China is secretly worried Trump will win on trade
Subscribe to enjoy similar stories. Soon after Donald Trump won the presidential election in November, Xi Jinping asked his aides to urgently analyze the Cold War rivalry between the United States and the Soviet Union. His concern, according to people who consult with senior Chinese officials, was that as President Trump gears up for a showdown with Beijing, China could get isolated like Moscow during that era.
He’s not wrong to worry. Even though Trump may be the one who currently looks isolated on the world stage—picking trade fights with erstwhile allies like Mexico and Canada, alarming Europe over his handling of the war in Ukraine and vowing to annex Greenland and the Panama Canal—the truth is that China doesn’t hold a strong hand. With a domestic economy in crisis, Xi is playing defense, hoping to salvage as much as possible of a global trade system that helped pull his country out of poverty.

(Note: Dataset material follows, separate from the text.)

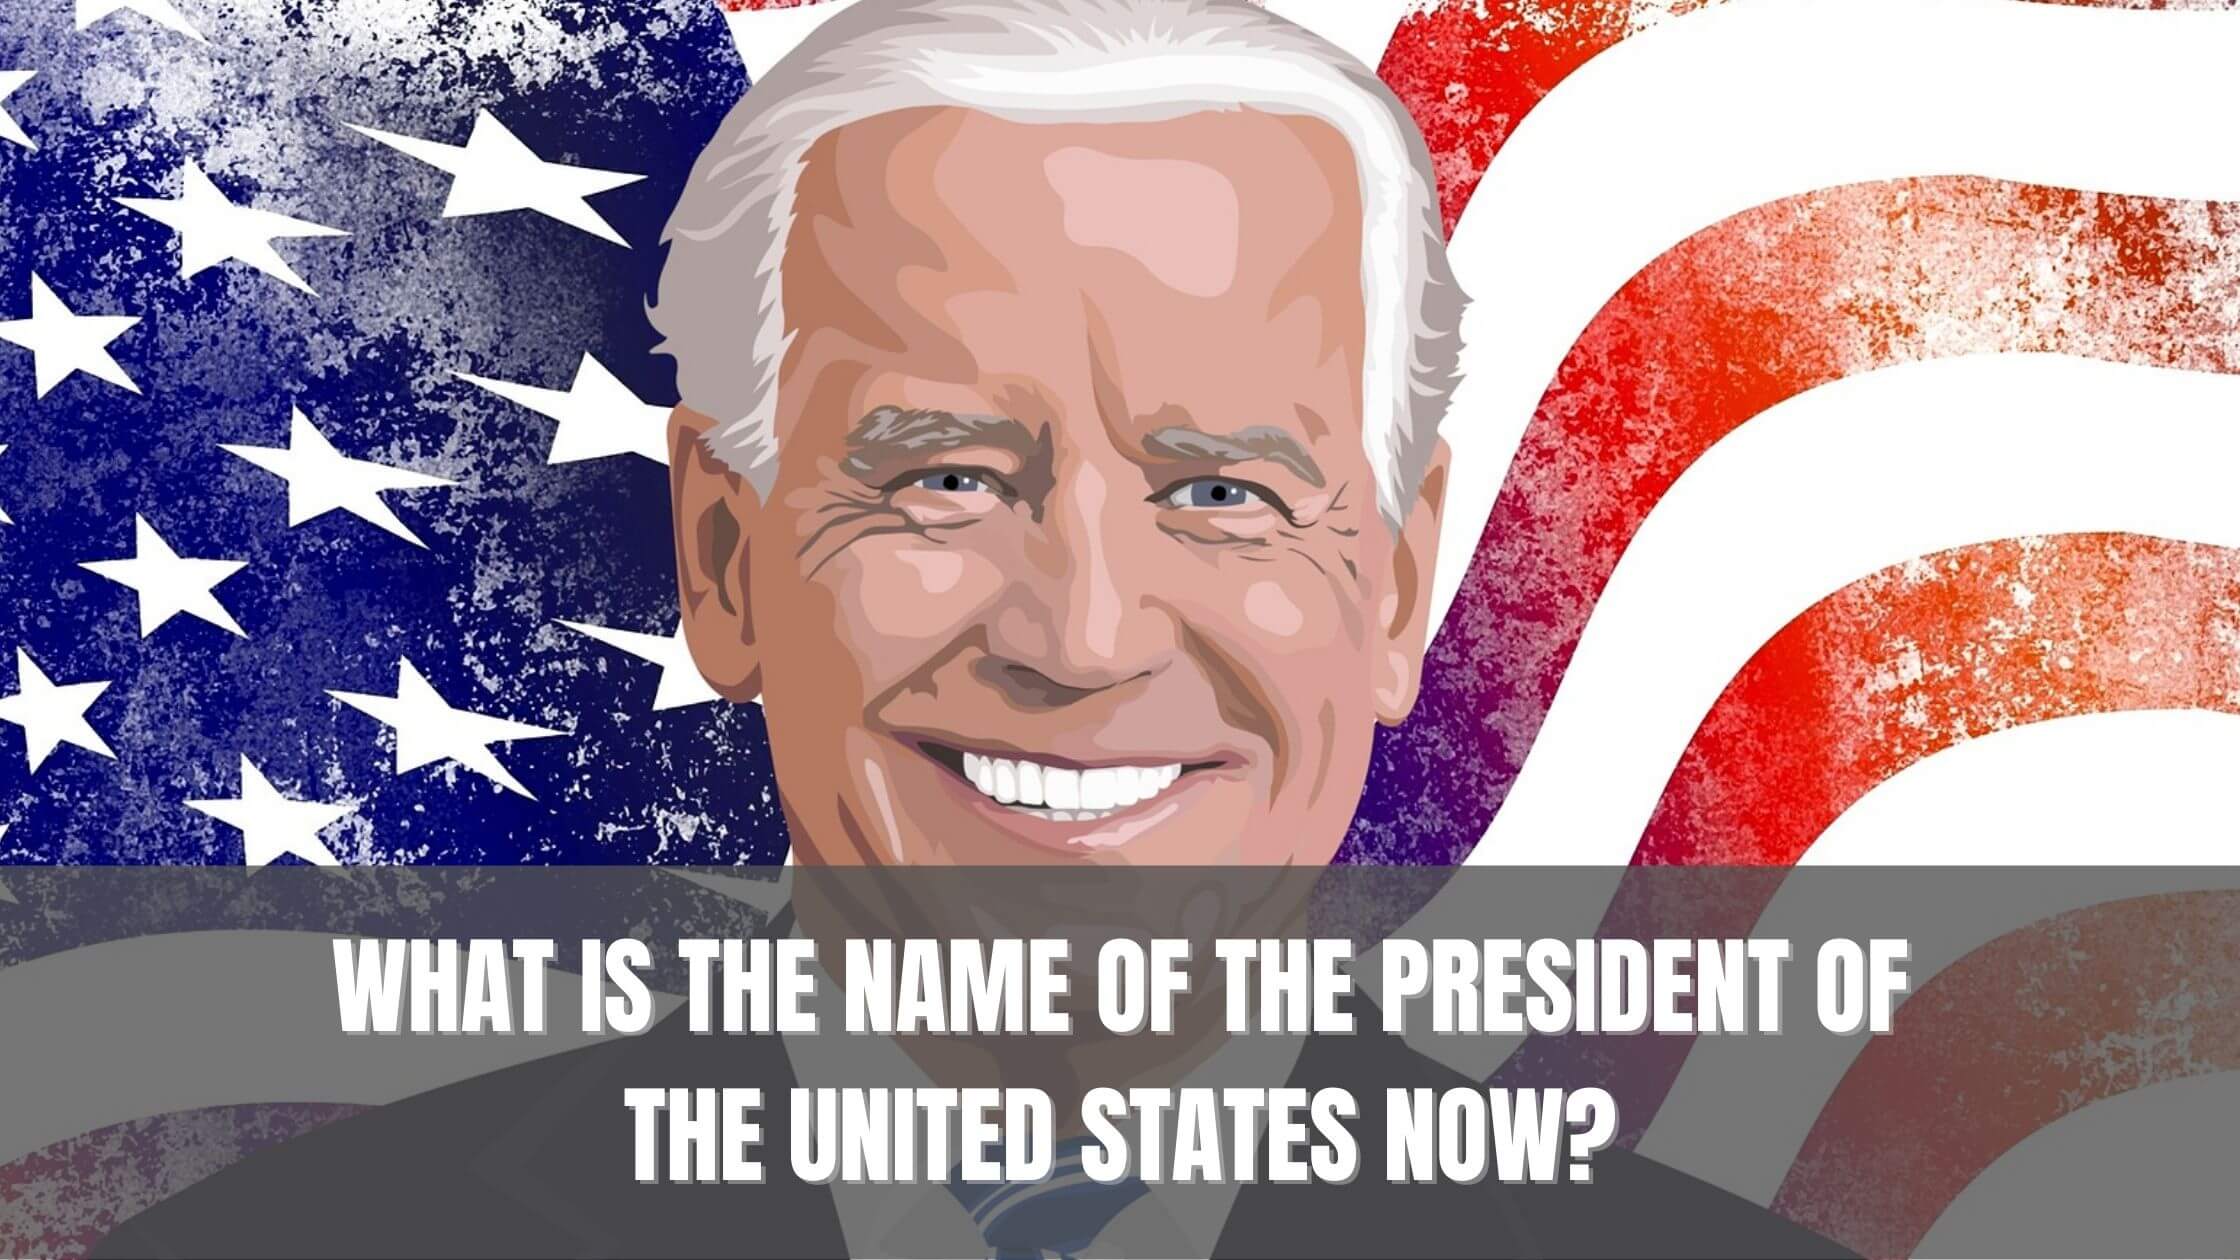 Artist's impression of Joe Biden

Across the Pacific, Trump is intent on rewiring that very trading system, which he and his advisers see as having benefited the rest of the world—and China most of all—at the U.S.’s expense. It isn’t just trade. The competing agendas of the leaders of the world’s two largest economies are poised to lead to precisely what China is trying to avoid: a superpower clash not seen since the Cold War, an all-encompassing rivalry over economic, technological and overall geopolitical supremacy.
Trump, who highlighted the need to counter China throughout his campaign, returned to the White House with a comfortable victory and Republican control of Congress. He believes he can deal with Beijing from a position of strength, advisers said. Many of his early diplomatic moves should be viewed in that context, these people said.